Tropical storm losing strength as it nears Florida, 20 dead in Dominica

Reuters , Saturday 29 Aug 2015

Miami-Dade marine mechanic Kurk Jablonski helps direct a boat out of the water as a precaution for Tropical Storm Erika, Friday, Aug. 28, 2015, at Watson Island Marina in Miami. (Photo:AP)

Tropical Storm Erika was soaking Haiti with heavy rain and strong winds on Friday as it swirled across the Caribbean but showed signs of losing steam as it headed toward south Florida, the U.S. National Hurricane Center (NHC) said.

Twenty people were confirmed dead on the island of Dominica, Prime Minister Roosevelt Skerrit said in an address carried on television and online late Friday. Rescuers were still searching for others reported missing.

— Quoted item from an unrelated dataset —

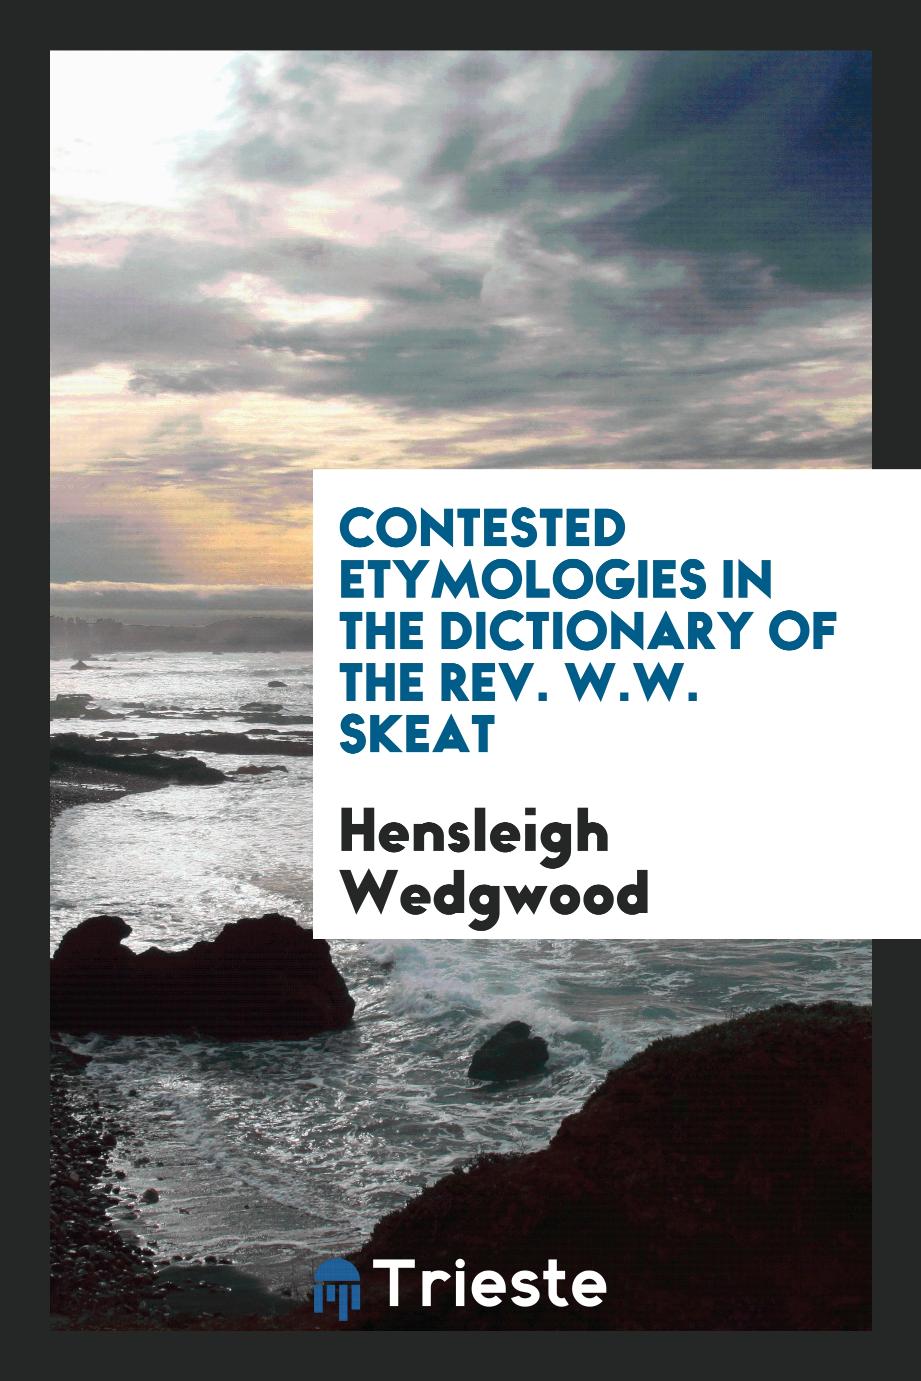 Contested etymologies in the dictionary of the Rev. W.W. Skeat

Erika was no longer forecast to make landfall in the United States as a hurricane due to some likely weakening over mountainous areas of Haiti and Cuba. Instead, it could lose tropical storm strength by Saturday, with winds falling below 40 miles per hour (64 kph) as it moves over eastern Cuba, although "very heavy rainfall" was a concern.

"The forecast intensity has been significantly changed to show a much weaker cyclone," the hurricane center said in a Friday evening advisory.

Erika could regain intensity over the Straits of Florida and the Gulf of Mexico if it survives the mountains, the NHC said.

"We're not quite prepared to rule out tropical storm impacts in Florida," it said.

Florida Governor Rick Scott declared a state of emergency on Friday, noting the storm could travel "up the spine of Florida" from Sunday into next week.

Scott said the Tampa area on Florida's Gulf Coast was a major flood concern due to saturation from rain this month.

Forecasters have described Erika, the fifth named storm of the Atlantic hurricane season, as unusually hard to predict due to disruption from wind patterns and interaction with land, which weakens a storm, as well as warm water, which adds energy.

Meteorologist Jeff Masters said the mountainous island of Hispaniola, which Haiti shares with the Dominican Republic, "has saved us so many times in the past," thanks to its 10,000-feet (3,000-meter) peaks.

"It's probably saved thousands of lives in South Florida over the years," he said.

However, heavy rain over impoverished Haiti's eroded hillsides, with up to 10 inches (25 cm) possible in some areas, could cause "life-threatening flash floods and mudslides," the Miami-based NHC said.

Erika's sustained winds dropped to 45 mph (72 kph) as it moved over Haiti's capital, Port-au-Prince, on Friday night, the NHC said.

Haiti's government warned those who live by ravines, rivers and the coast to use extreme caution if they go outdoors. Mayors and local authorities were told to open schools and public buildings as makeshift shelters.

Dominica in the eastern Caribbean was the worst-affected island so far. The prime minister said swollen rivers and rain-triggered landslides had swept away homes, roads and bridges.

Some communities were cut off on the small, mountainous island with a population of about 72,000.

Skerrit said 20 people had died and several others were still missing. He described the destruction as "monumental."